Muon opened this issue Jun 26, 2014 · 10 comments · Fixed by #8

Comments

@Muon
Copy link
Contributor

Muon commented Jun 26, 2014

On Python 3.4.1:

>>> l = SortedListWithKey(key=lambda x: 1)
>>> class A: pass
... 
>>> l.add(A())
>>> l.add(A())
Traceback (most recent call last):
  File "<stdin>", line 1, in <module>
  File "/home/muon/kirmvenv2/lib/python3.4/site-packages/sortedcontainers/sortedlistwithkey.py", line 21, in add
    self._list.add(pair)
  File "/home/muon/kirmvenv2/lib/python3.4/site-packages/sortedcontainers/sortedlist.py", line 51, in add
    pos = bisect_right(self._maxes, val)
TypeError: unorderable types: A() < A()

This is because in Python 3 comparing incomparable types dies horribly instead of returning True.

@Muon
Copy link
Contributor Author

Muon commented Jun 26, 2014

I have a disgustingly wonderful "fix"! Tack on a fresh float("nan") after the key. All comparisons with NaNs, including between NaNs, return False.
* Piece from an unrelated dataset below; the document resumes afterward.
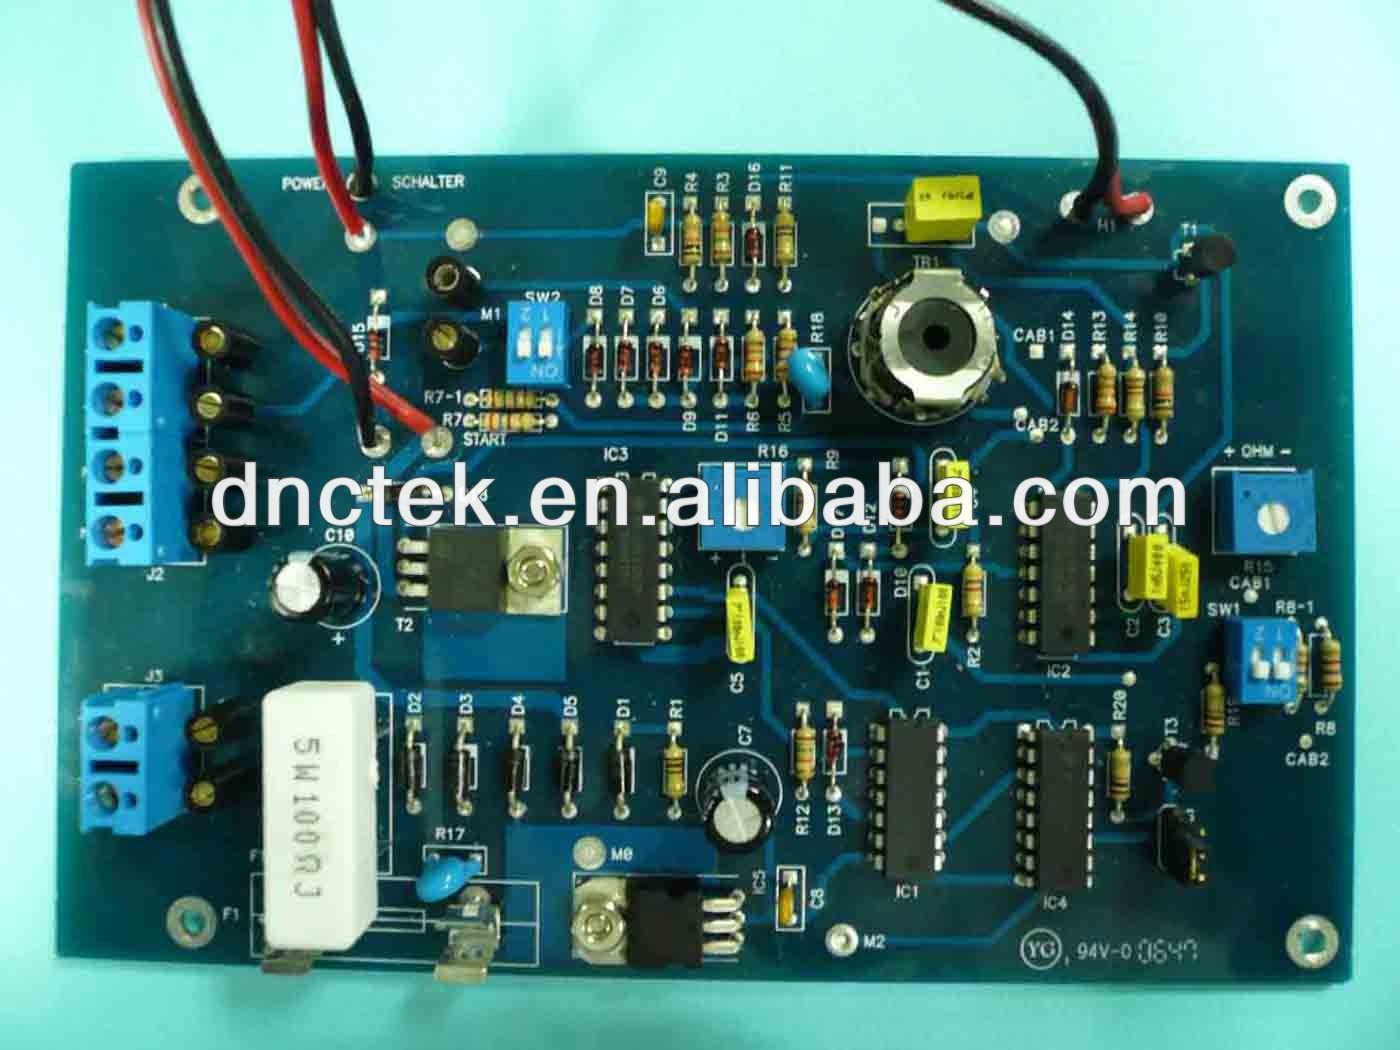 Pcb Mass Production Printed Circuit Board Pcb Mass Production Printed Circuit Board Suppliers and Manufacturers at Alibaba
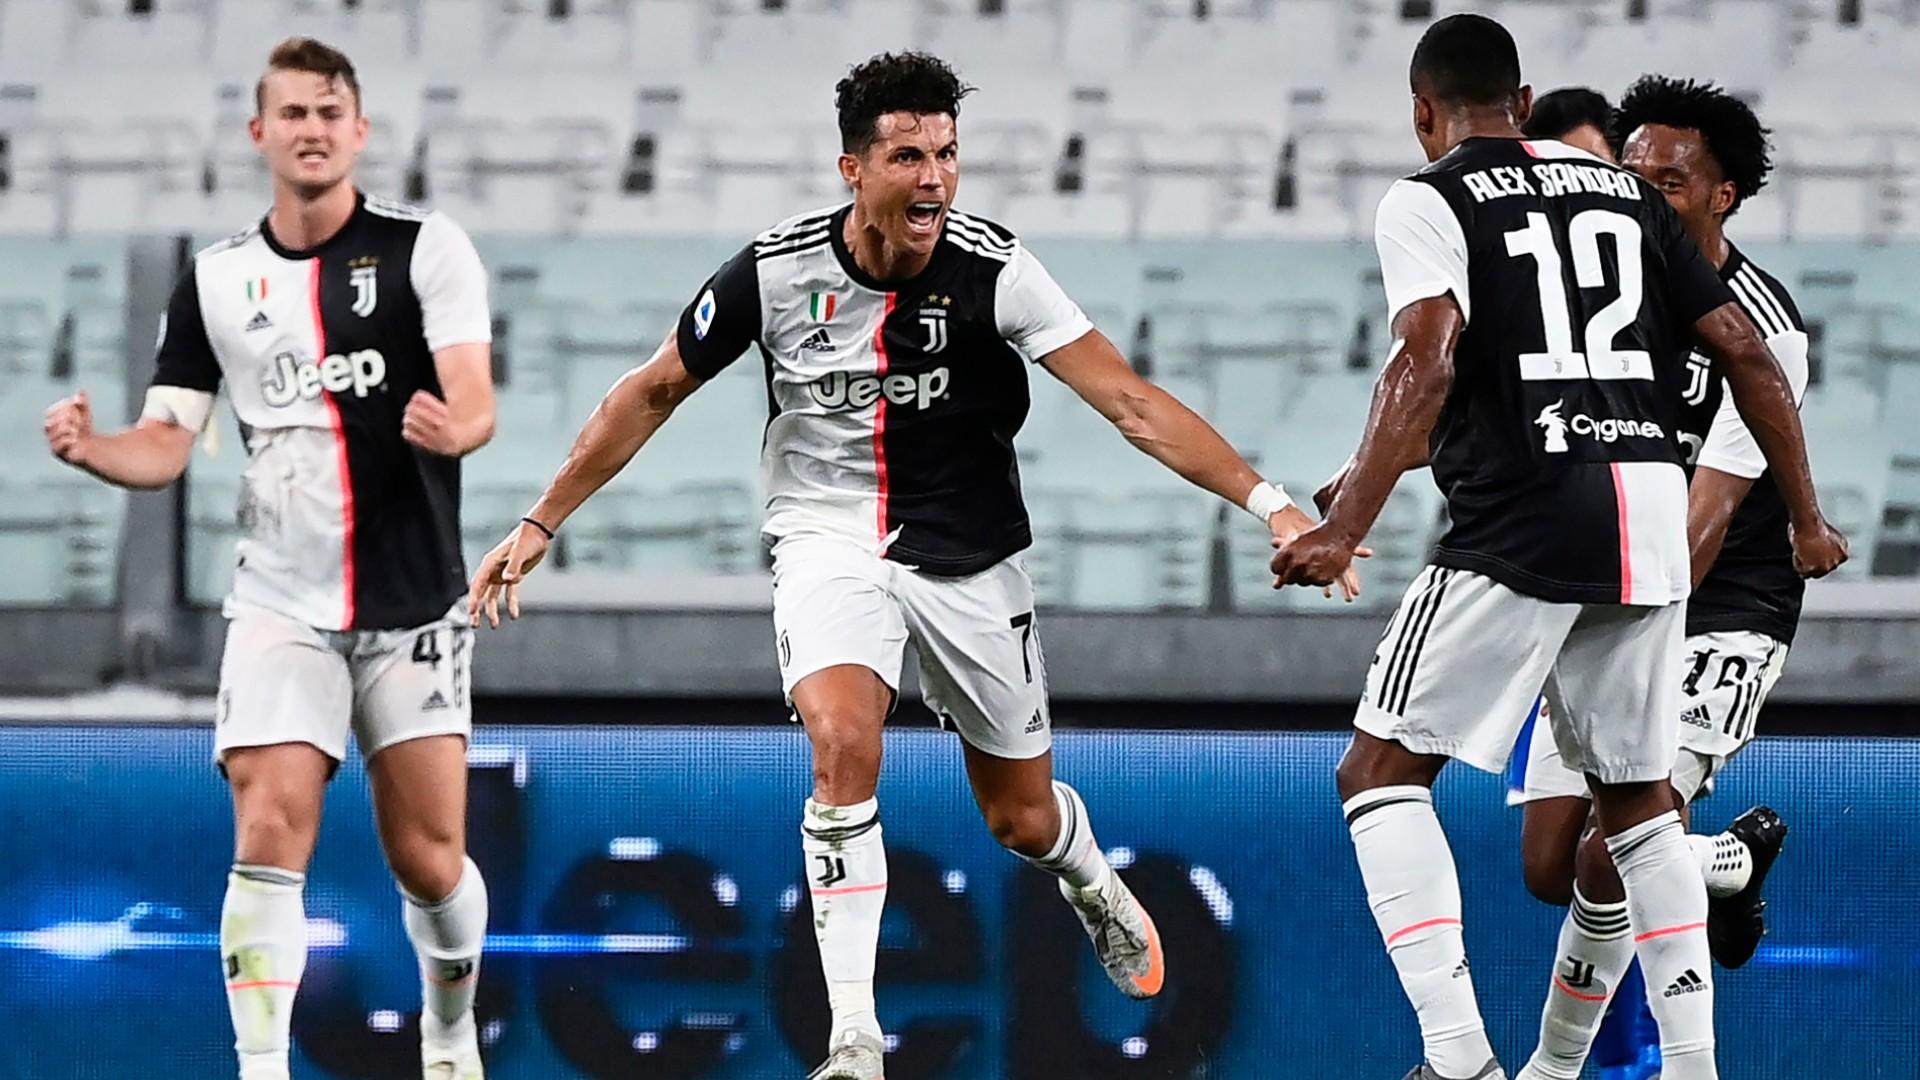 De Ligt and Juventus seal Serie A title

>>> (1, float("nan"), A()) < (1, float("nan"), A())
False
>>> (0, float("nan"), A()) < (1, float("nan"), A())
True

Freshness is for some reason important, since:

>>> nan = float("nan")
>>> (1, nan, A()) < (1, nan, A())
Traceback (most recent call last):
  File "<stdin>", line 1, in <module>
TypeError: unorderable types: A() < A()

Wrapping the key in a tuple like this also works:

>>> ((1, float("nan")), A()) < ((1, float("nan")), A())
False
>>> ((0, float("nan")), A()) < ((1, float("nan")), A())
True

Reported this to CPython at http://bugs.python.org/issue21873.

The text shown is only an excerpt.